Caribbean Equality Project
est. Queens, NY, 2015
Tiffany Jade Munroe, Live Pridefully, 2021
Digital Print
Photography by Christian Thane
Courtesy of Caribbean Equality Project

Tiffany Jade Munroe (she/her/hers) is a Black Trans woman from Guyana. After experiencing homelessness and years of emotional and physical violence, she emigrated to New York City when her parents abandoned her. As an immigrant and a Trans woman, Tiffany struggled to navigate and access healthcare and immigration services until she was connected with the Caribbean Equality Project (CEP).

Today, Tiffany leads the Caribbean Equality Project's Trans Justice Unit, coordinating trans-focused community events, programming, and actions. She supports the organization's Food Justice program by volunteering at its monthly pop-up food pantries, which provide LGBTQ+ people, immigrant families, seniors, single-parent households, and HIV-impacted people with culturally-responsive groceries and fresh produce. When the COVID-19 pandemic and the Black Lives Matter movement collided, Tiffany amplified her advocacy for Black Trans rights, immigration reform, protections for asylum seekers, and civic engagement.

Tiffany's advocacy for Trans women, sex workers, and gender-expansive people has been fearless. Her visibility at the 2020 Brooklyn Trans Liberation Rally and March was featured in The New York Times and Teen Vogue. She testified at the New York State Assembly hearing in 2021 to repeal the "Walking While Trans Ban." She participated in the City Council's hearing on Resolution 1487 ("Recognizing November 20th annually as Transgender Day of Remembrance and March 31st annually as Transgender Day of Visibility in the City of NY”) in 2020. In 2021, Tiffany spoke at the first commemoration of the Transgender Day of Remembrance at Queens Borough Hall, opening for Queens Borough President Donovan Richards. She said, "We deserve city-wide recognition and more robust laws to end workplace discrimination, access to affirming healthcare options, and immigration services to protect undocumented transgender people and asylum seekers."

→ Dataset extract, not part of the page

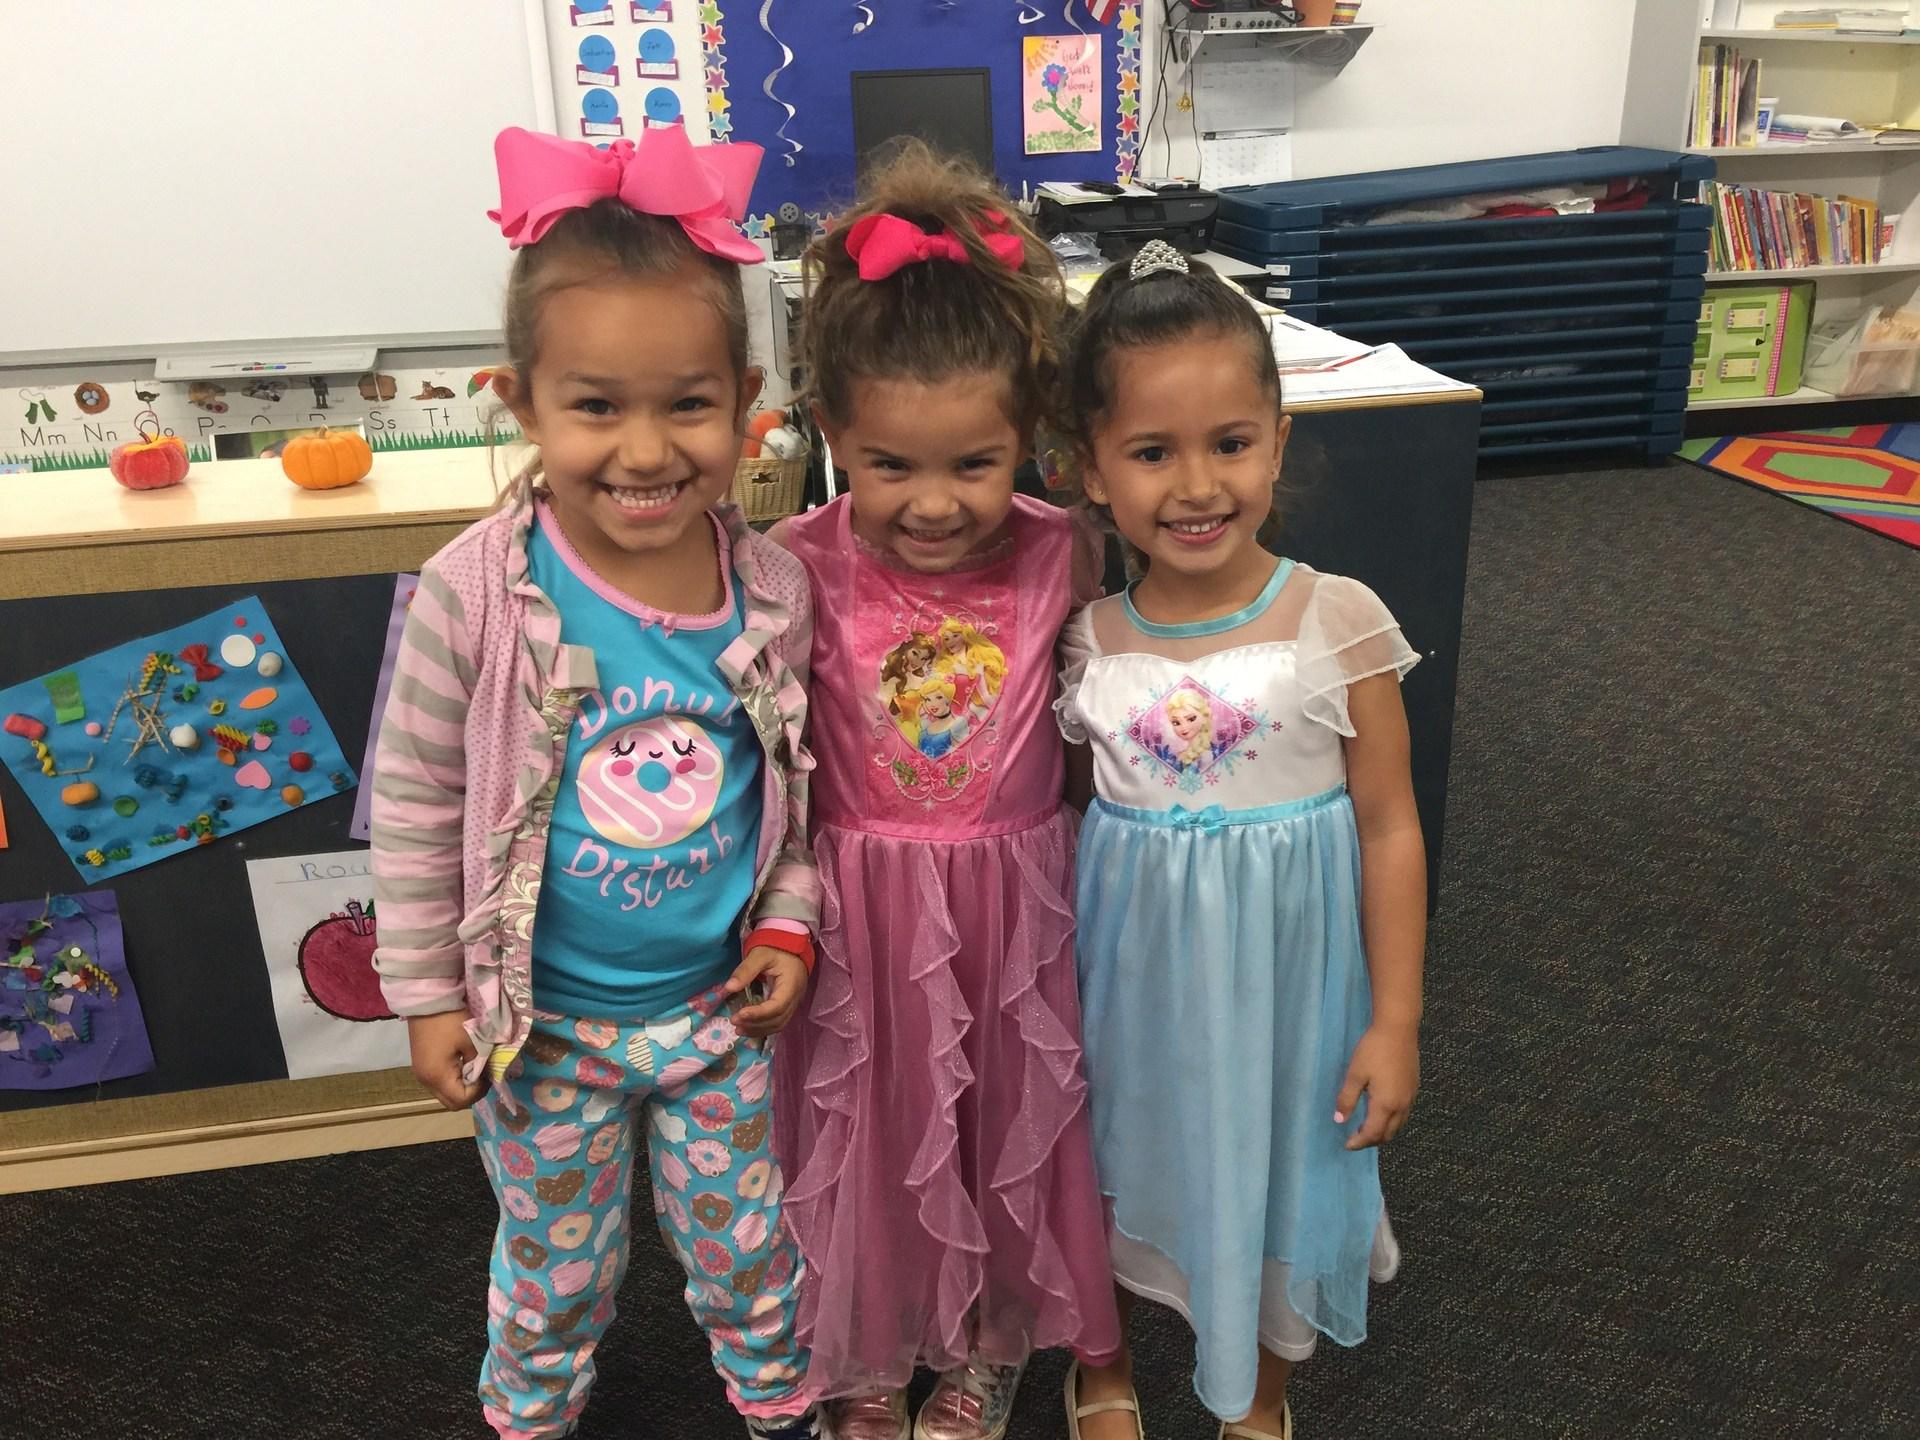 Pajama Day Princesses!

About Live Pridefully: Love and Resilience within Pandemics:
As part of the Queens Museum’s Year of Uncertainty, the Caribbean Equality Project is proud to present Live Pridefully: Love and Resilience within Pandemics, an interdisciplinary exhibition that celebrates queer and trans Caribbean resilience through a racial justice lens, while fostering critical conversations related to pride, migration, surviving colliding pandemics, and coming out narratives. Caribbean diasporic immigrant rights, gender justice, and trans rights advocates live at the intersections of outdated immigration policies, anti-black violence, racism, homophobia, transphobia, gender-based violence, xenophobia, and misogyny in the United States and throughout the Caribbean region.

Since the beginning of the COVID-19 pandemic, queer and trans immigrants of color have lived in a constant state of fear and isolation, from food insecurity, a lack of access to equitable healthcare, and rising rates of anti-Asian violence and police brutality against Black bodies. In a year of uncertainty, Live Pridefully reimagines and affirms undocumented Black and Brown LGBTQ+ immigrants and asylum seekers as essential workers, creatives, and contributors to the cultural diversity of New York City.

This interdisciplinary exhibition was originally presented at the Queens Museum from December 4, 2021, to March 6, 2022, as part of the Year of Uncertainty. In 2022, it was transformed into an outdoor photography exhibition shown at Brooklyn Bridge Park during the 2022 Photoville Festival. In 2023, this historic exhibition becomes the first public art installation by Photoville in Richmond Hill, Queens -home to predominantly Indo-Caribbean and South-Asian immigrant communities where Caribbean Equality Project is based.

Curated by Mohamed Q. Amin, portraits of Caribbean LGBTQ+ immigrants anchor the exhibition, with oral Afro and Indo-Caribbean migrant histories and stories driven to construct healing through storytelling, embodied resilience, and intersectional dialogue on postcolonial belonging, anti-Asian hate violence, and Black trans liberation.

Photography: Christian Thane

Visual Director: Richard Ramsundar, Creative Director, The World is Rich Productions

To learn more about the Caribbean Equality Project & for regular updates on our work, connect with us on Facebook, Instagram, and YouTube at @CaribbeanEqualityProject, and on Twitter at @CaribEquality.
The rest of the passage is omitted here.